In effetti, pare di leggere un tradizionale Dpf diviso in due parti, ma in cui le riforme, specialmente quelle che potrebbero essere il risultato delle “finestre d’opportunità” derivanti dall’incertezza (per l’Italia e per gli altri) appaiono quasi di sfuggita. C’è, sì, un elenco delle riforme già fatte (ad esempio la previdenza) od in fase avanzata di realizzazione (scuola ed università); a queste ed altre riforme si propongono ritocchi. Vengono annunciati progetti di riforma in materia tributaria, che comporterebbe riscrivere i codici (operazione di lungo periodo), e l’introduzione di fiscalità di vantaggio per le aree in ritardo (che richiede un negoziato non facile con il resto dell’Unione Europea) ma poco o nulla c’è in materia di liberalizzazioni, privatizzazioni, mercato del lavoro. Se c’è sostanza è celata nel centinaio di pagine dei due documenti (utile ricordare che quanto venne creato il Dpf si stabilì che non dovesse superare le 100 pagine proprio per non diventare un testo per archivi, come la Relazione Previsionale Programmatica, letto unicamente dai funzionari chiamati a redigerla).

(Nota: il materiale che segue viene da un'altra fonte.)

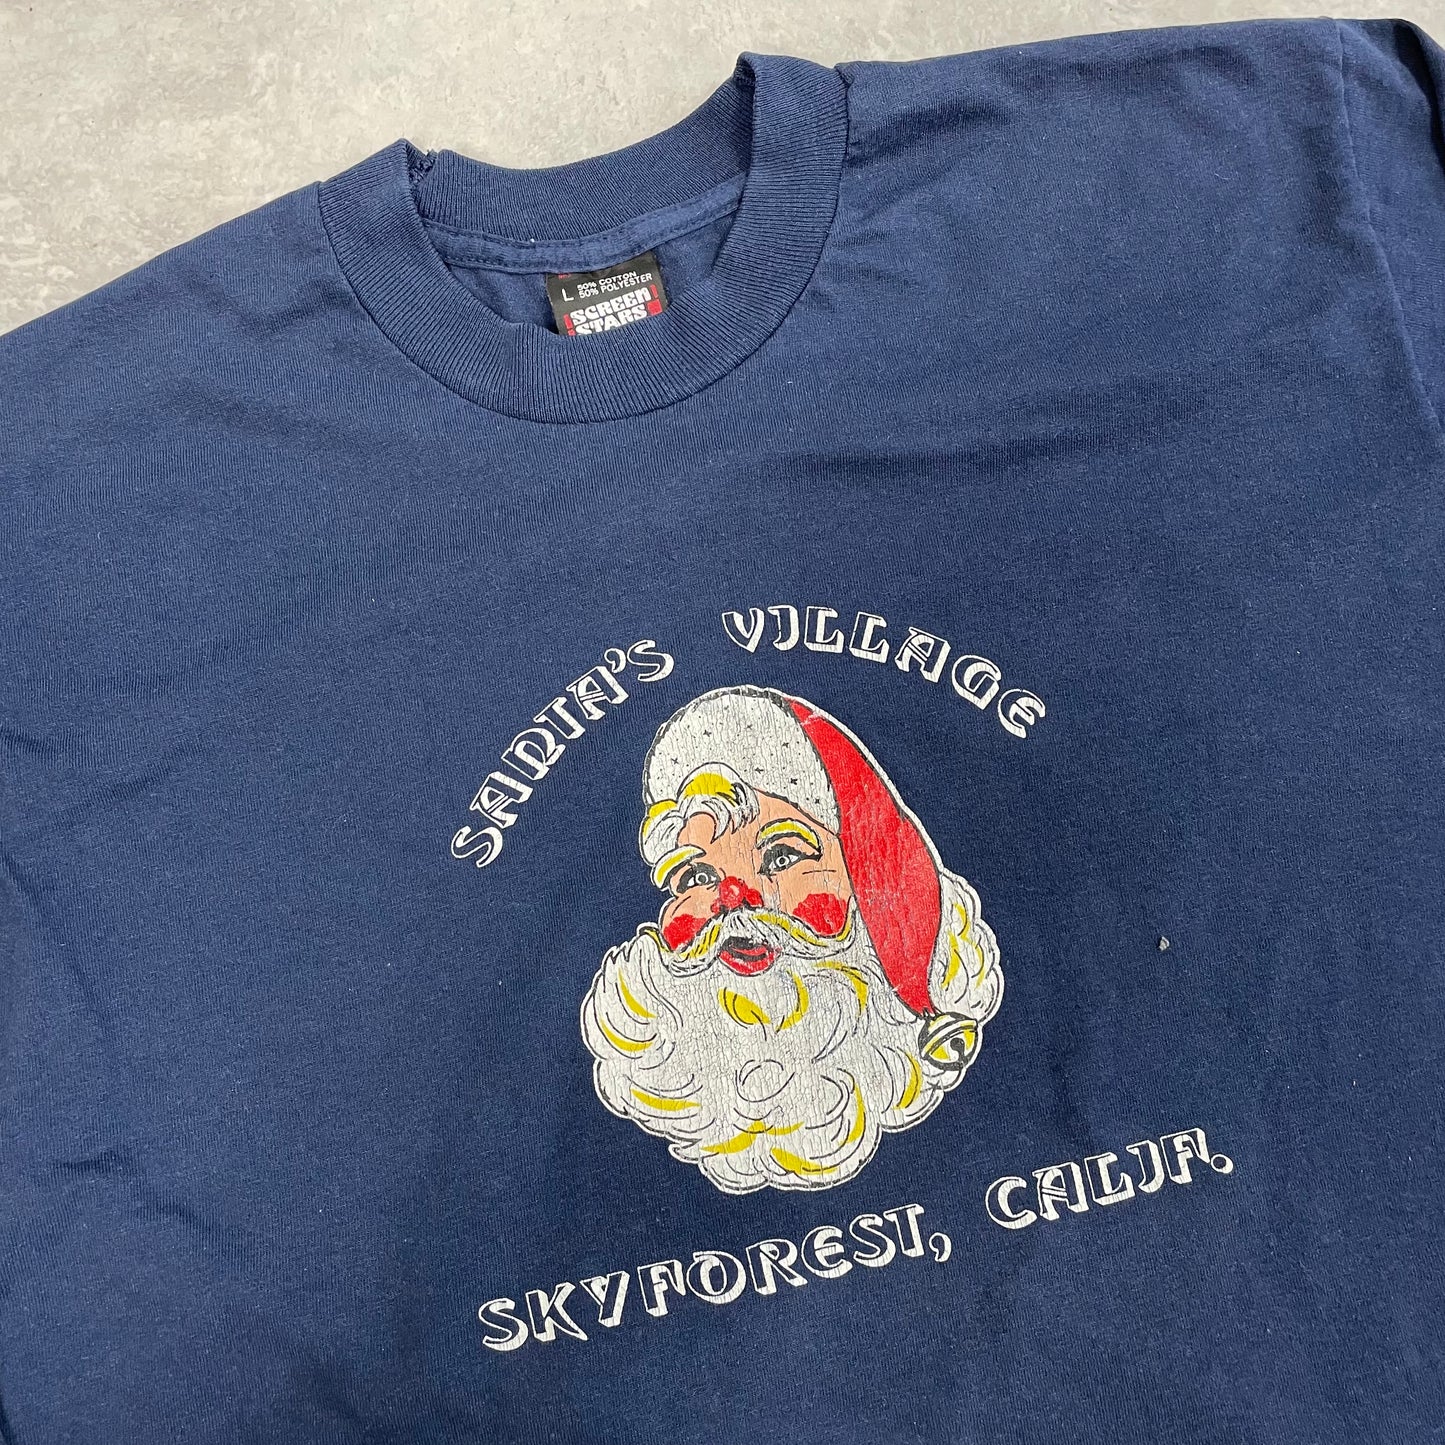 Vintage Single Stitch T-Shirt Screenstars Longsleeve “Santa’s Village Skyforest, Calif.” Made in USA 80’s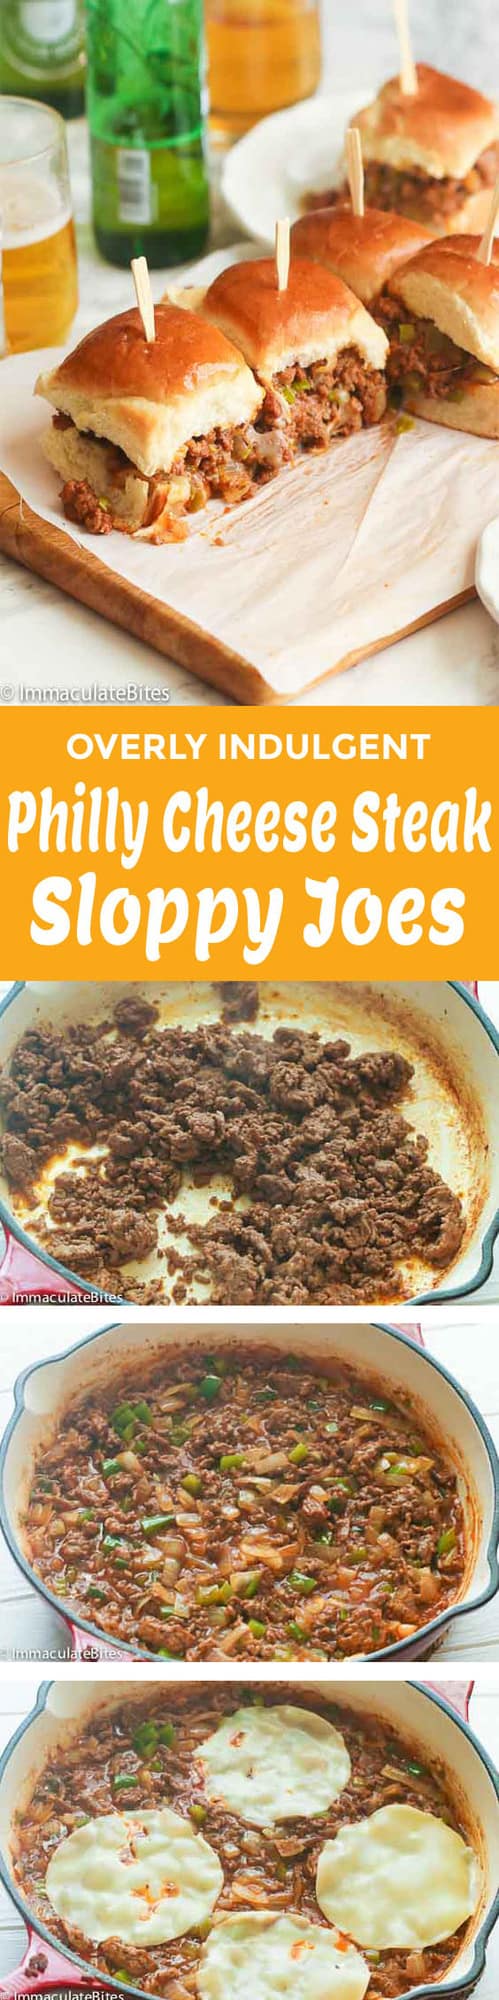 philly cheese steak sloppy joes

Si sarebbe potuto fare di più e di meglio? Credo di sì. L’incertezza, ad esempio, sarebbe potuto essere il grimaldello per mettere ordine nella normativa sul mercato del lavoro prevedendo, da un lato, una strada per giungere a contratti a tempo indeterminato e, da un altro, ad una revisione della disciplina sui finanziamenti. Avrebbe anche potuto essere il motore per dare indirizzo di governo (e se del caso prevedere normativa) per liberalizzazioni specialmente a livello locale. Avrebbe pure potuto essere lo stimolo per una nuova ondata di privatizzazioni. L’Italia è in mezzo ad un guado. L’incertezza avrebbe dovuto incoraggiare ad arrivare ad una nuova sponda. Visto che è impossibile tornare indietro a quella da cui si è partiti.